1\. The share price may go up

2\. The dividends pay out

These have been the reasons for buying shares since shares of the Dutch East
India company was chartered. If neither of these ever happened, there would be
no shares purchased.

A buyback is just a bonus instead of a salary.

You could make the criticism that a company having nothing _better_ to do with
its money is bad, and I agree, but in the interim paying it out as a bonus is
a great way to reward shareholders for holding. It's also better than a
dividend in case next year the company does find something better to invest
the money in, because investors really don't like when companies decrease
dividends.

------
southphillyman
A lot of publications predicted this exact scenario as the tax cuts where
being sold as a job/wage booster.

What boggles my mind is how so many people vote "for jobs" promised by a
particular party, get shafted, then go right back to the same party next
election cycle and eat up the same rhetoric about job creation in exchange for
votes.

------
startupfounder
This is all about price to value.

Price < Value

This is very interesting and shows that there is an amazing amount of cheap
cash available that is just piling up.
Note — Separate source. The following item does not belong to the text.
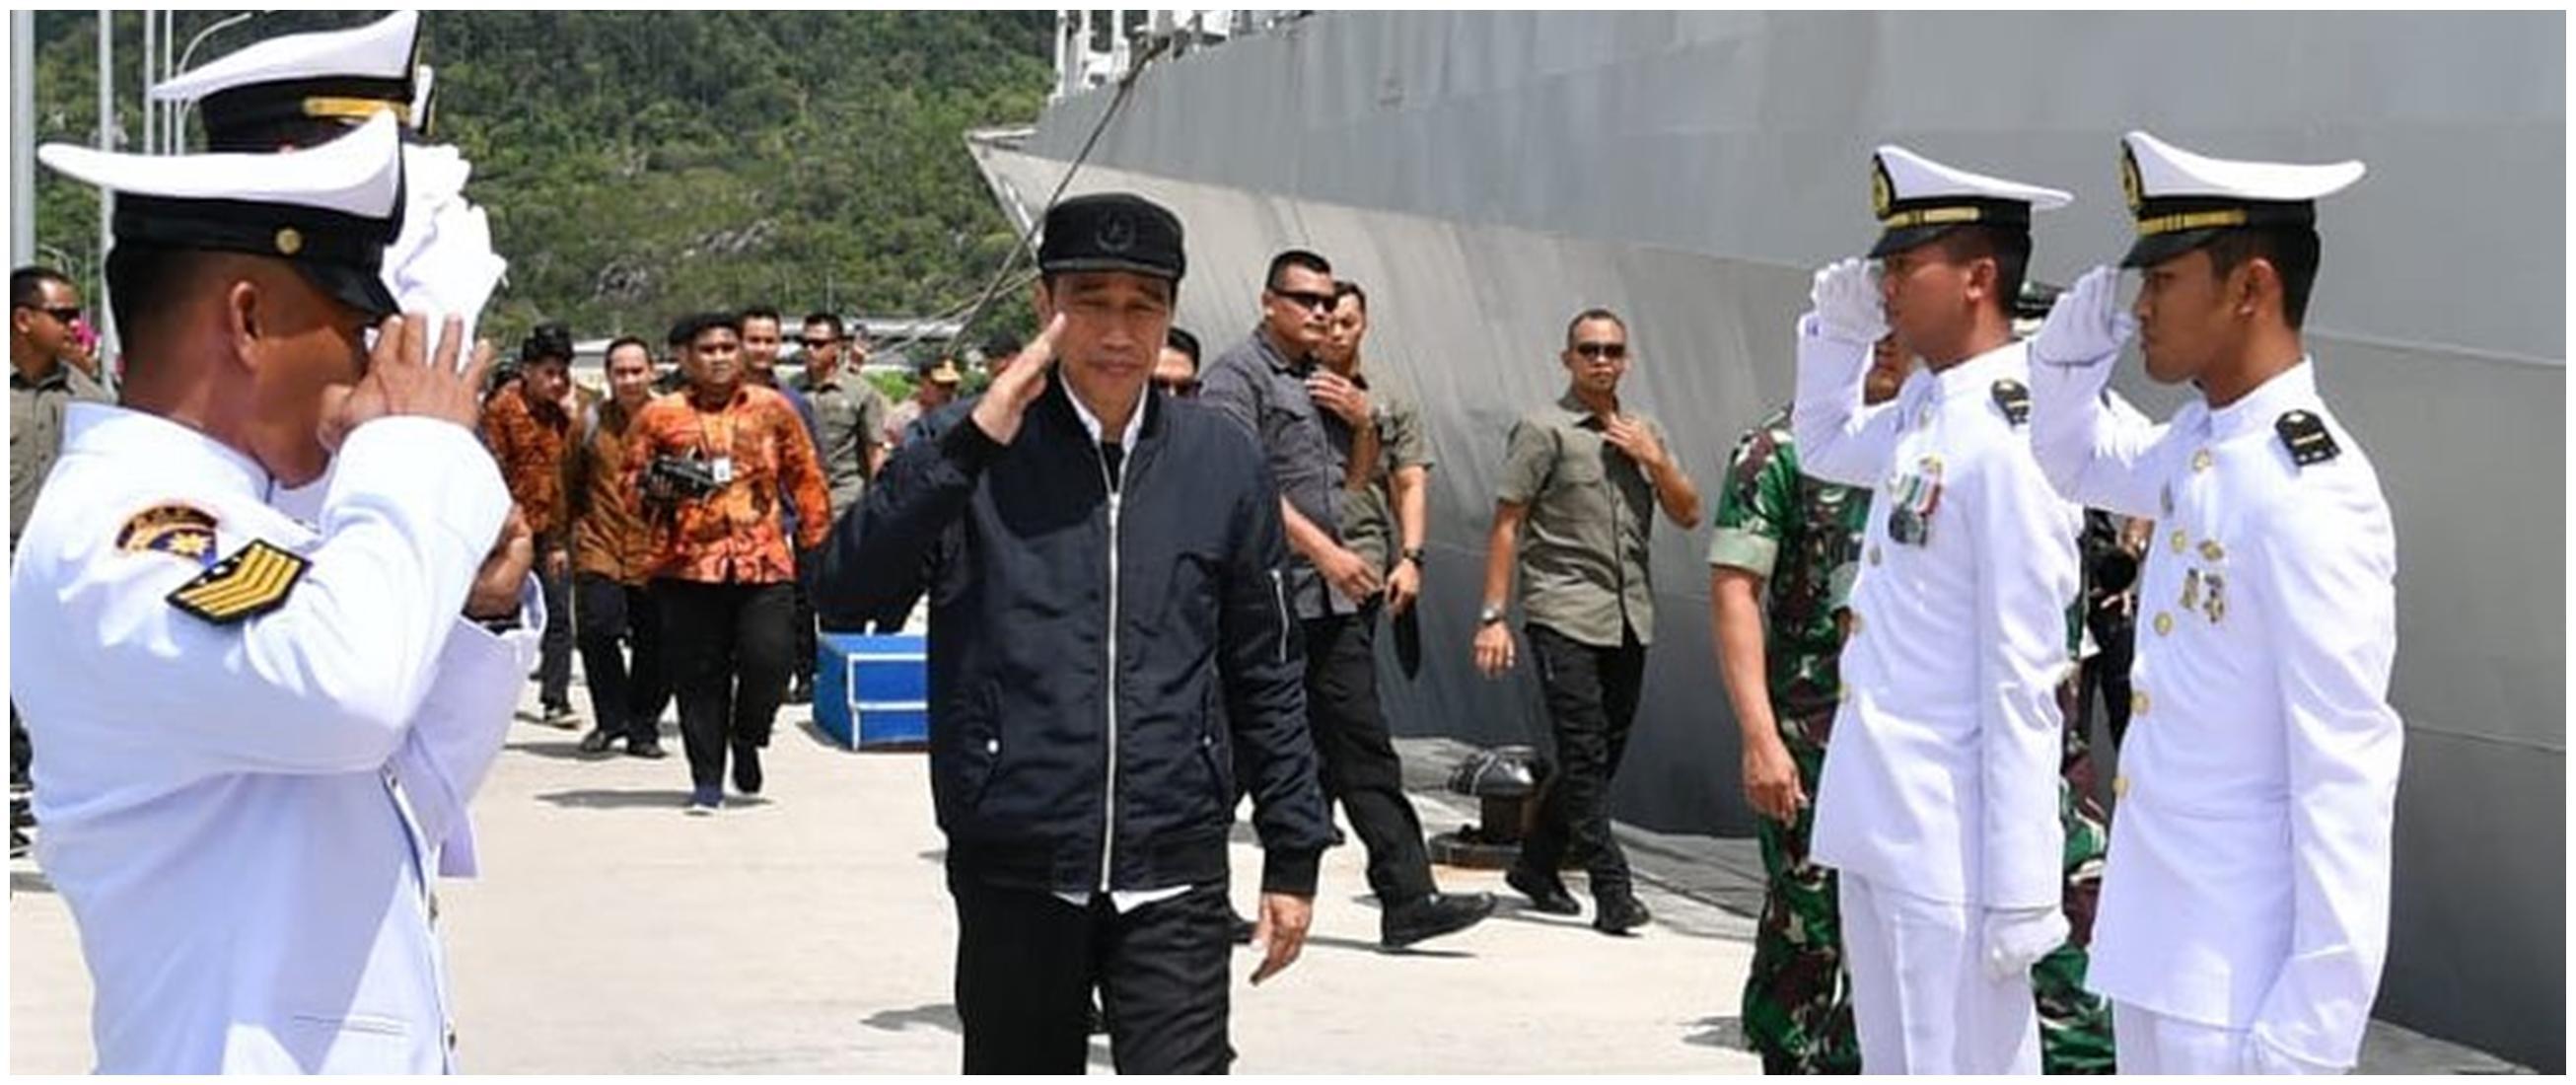 10 Momen Presiden Jokowi ke Natuna di tengah tensi panas RI-China

Spending that cash on buybacks
increases the value of the outstanding stock that existing shareholders have
and then supply goes down, price goes up and the stock price goes up.

Dumb investors.

------
bb2018
I'm always a bit unclear on how stock buybacks get reported so badly, though I
suppose it is in the complexity of the transaction. If that $437B was in
dividends I doubt anyone would think twice about it, yet that is in essence
what they are.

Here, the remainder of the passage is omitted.